A top American business advocacy group has hosted a reception for the outgoing India's Ambassador to the US, Taranjit Singh Sandhu, who retires from the Indian Foreign Service at month-end after an illustrious 35-year career.
The US India Business Council (USIBC) hosted the reception on Wednesday, attended by top officials from the White House, State Department and representatives from the corporate sector, applauded the role played by Sandhu in shaping the India-US relationship over the past few decades.
During his long career, Sandhu was posted in the United States four times, with three of them being at the Indian Embassy in Washington DC.
“When you make the short list of people who really made a difference (to India-US relationship), Ambassador Sandhu is on that list in a way that very few people who serve in the diplomatic ranks have been able to do,” Kurt Campbell, National Security Council coordinator for the Indo-Pacific at the White House said in his remarks at the farewell reception.
“He will be badly missed. He has come to personify the relationship between the United States and India. He's a terrific friend. He's a wonderful human being, and he's done a great job. We wish him well in whatever he does next. I just hope it's not retirement. There are too many skills that he brings to the table,” Campbell said.
Atul Keshap, a former diplomat and current president of US India Business Council, said in addition to being a tactful and skilful diplomat, Sandhu has been “a dreamer” who has achieved “truly great things” for the US-India relationship.
“I don't have to chronicle all of them. History will record them, but the bilateral relationship is at the best possible stage that I have seen in my entire life, and it's because of your efforts,” he said.
“The State Visit of Prime Minister (Narendra) Modi was truly impressive and showed the vastness and importance of the relationship. Pulling that off was never going to be easy, but you and your team did it with grace and style. Very impressive!” Keshap told Sandhu at the reception.
In his remarks, Sandhu spoke about the India-US relationship and also praised the role played by many present there, including Campbell, Keshap and Nisha Desai Biswal, Deputy CEO of the US International Development Finance Corporation, in strengthening India-US ties and navigating many bilateral crises together.
“I cannot help but mention a bit about my good friend Kurt (Campbell).
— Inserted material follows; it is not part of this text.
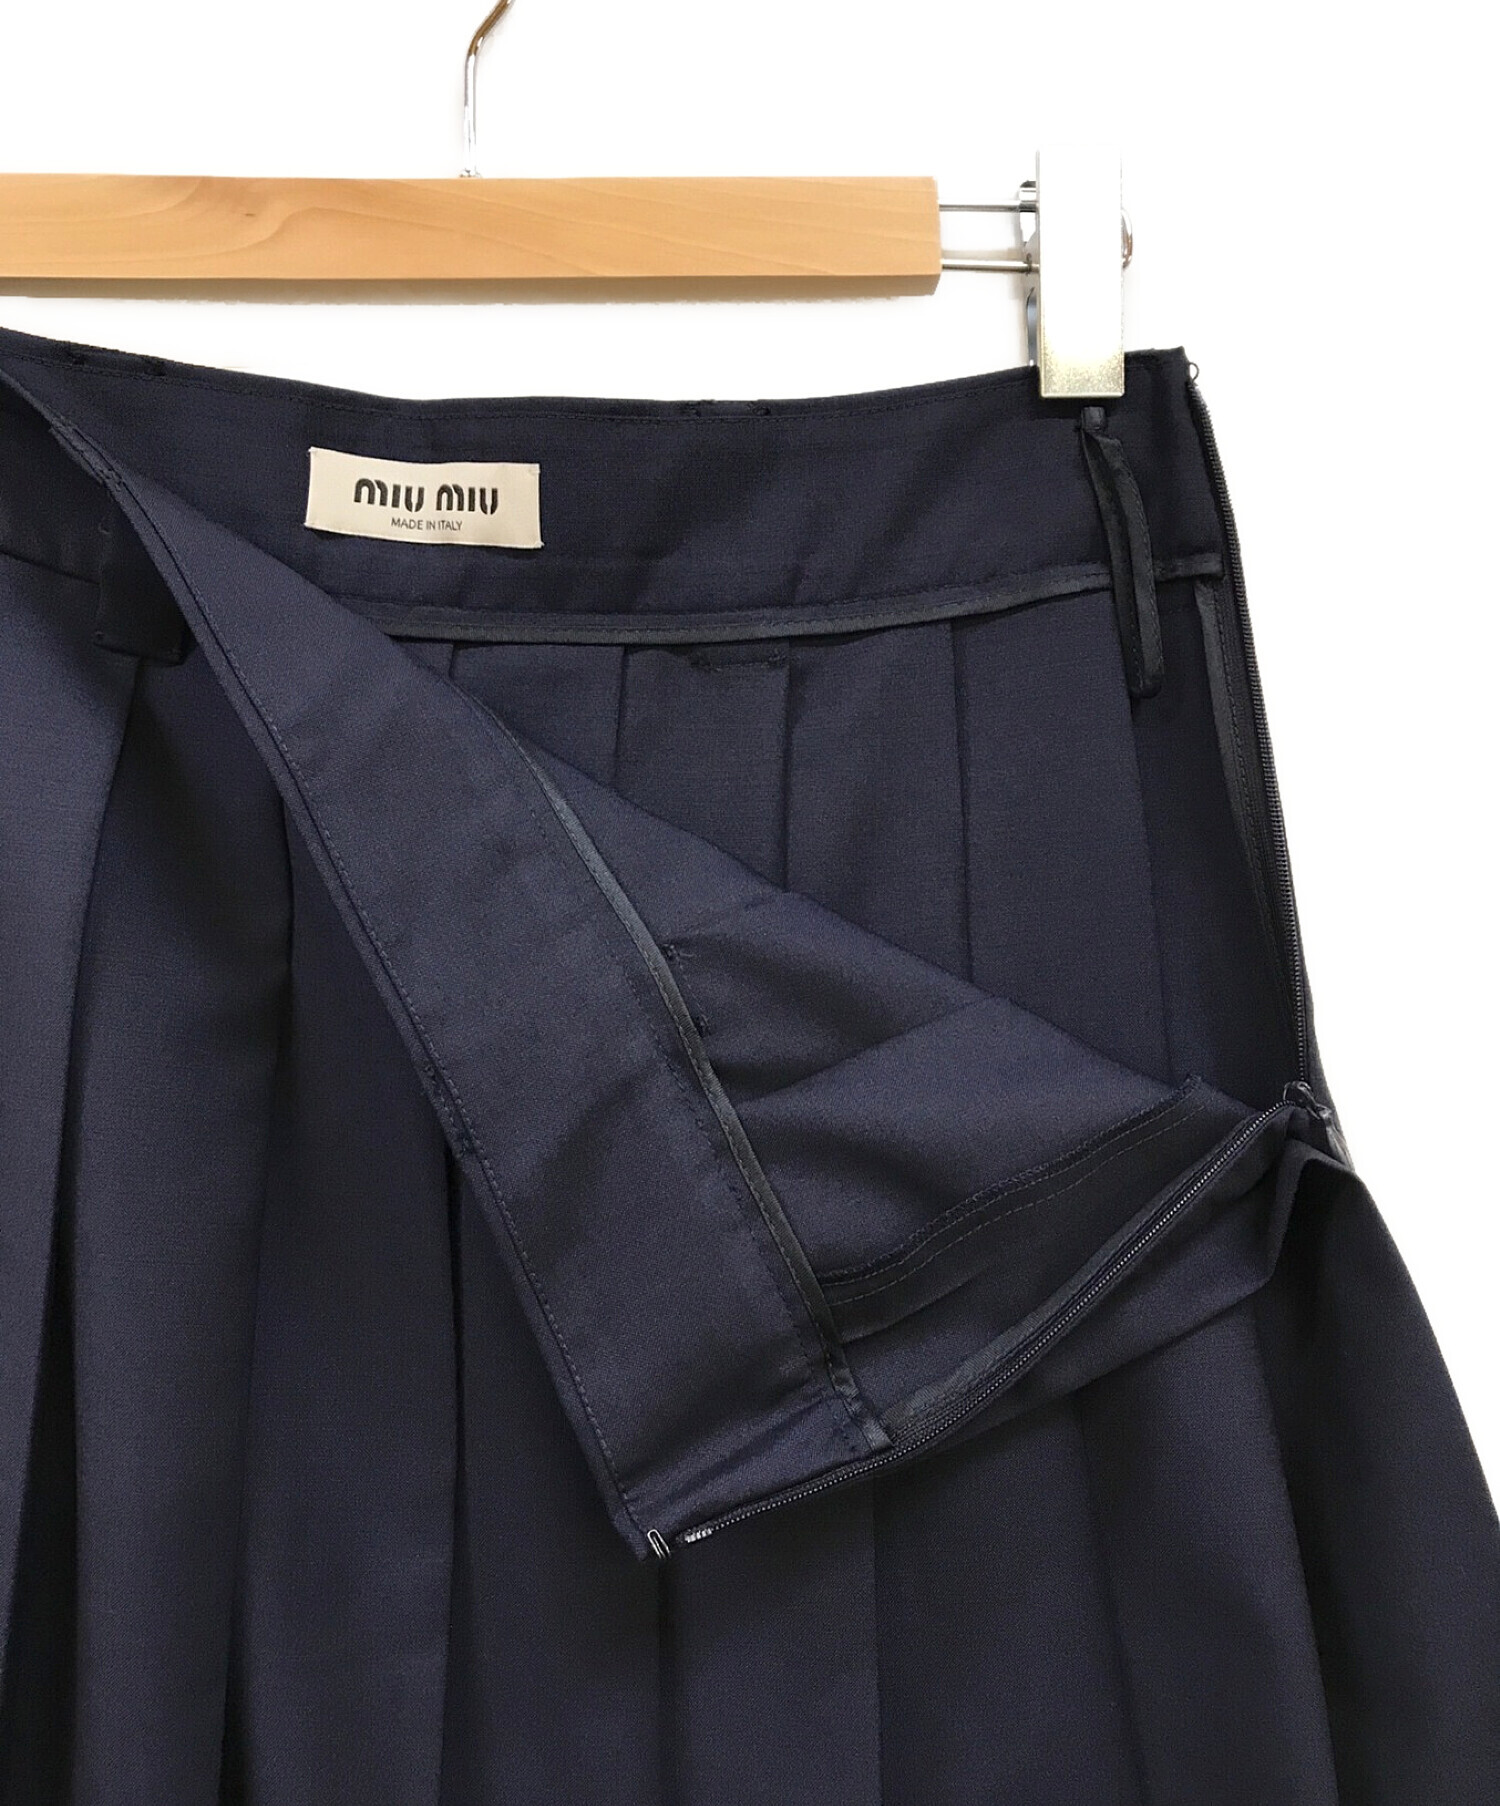 MIU MIU (ミュウミュウ) モヘアファブリック プリーツスカート ネイビー サイズ:38

As we know, he is a force in himself and has made the impossible possible,” Sandhu said, referring to the establishment and success of the Quad Summit, including its first summit at the peak of COVID-19.
Highlighting the various aspects of the India-US relationship, including defence, education, and the recently launched ICET dialogue, Singh said this partnership actually requires much more investment and involvement today.
Biswal, who has worked with Sandhu in various capacities from the US side during the past few decades, said that what Sandhu understood was a fundamental principle of foreign policy that the relationship between nations is ultimately about the relationship between the people.
“In all of his tours of duty, but most importantly in his current role as Ambassador, Taranjit has invested in the people at the heart of the relationship," she said.
"Whether it was the people in the State Department or the White House that ran the policy, or the people on the Hill who shaped the politics of the US-India partnership, members of the diaspora community, the business community, the educational institutions, the cultural institutions; engaging at the state level, at the city level, no matter where you lived or worked, if you had an impact or an importance to the US and new relationship, Taranjit would find you and he would seek you out,” she said.
“In a sense, he brought to this relationship a politician's instinct. Maybe that is why he has been so successful in engaging the Congress. It is that political instinct combined with the strategic mind that has made him such an influential and effective ambassador and advocate for India in the United States, in Sri Lanka, and across the many geographies that he has served in,” Biswal said.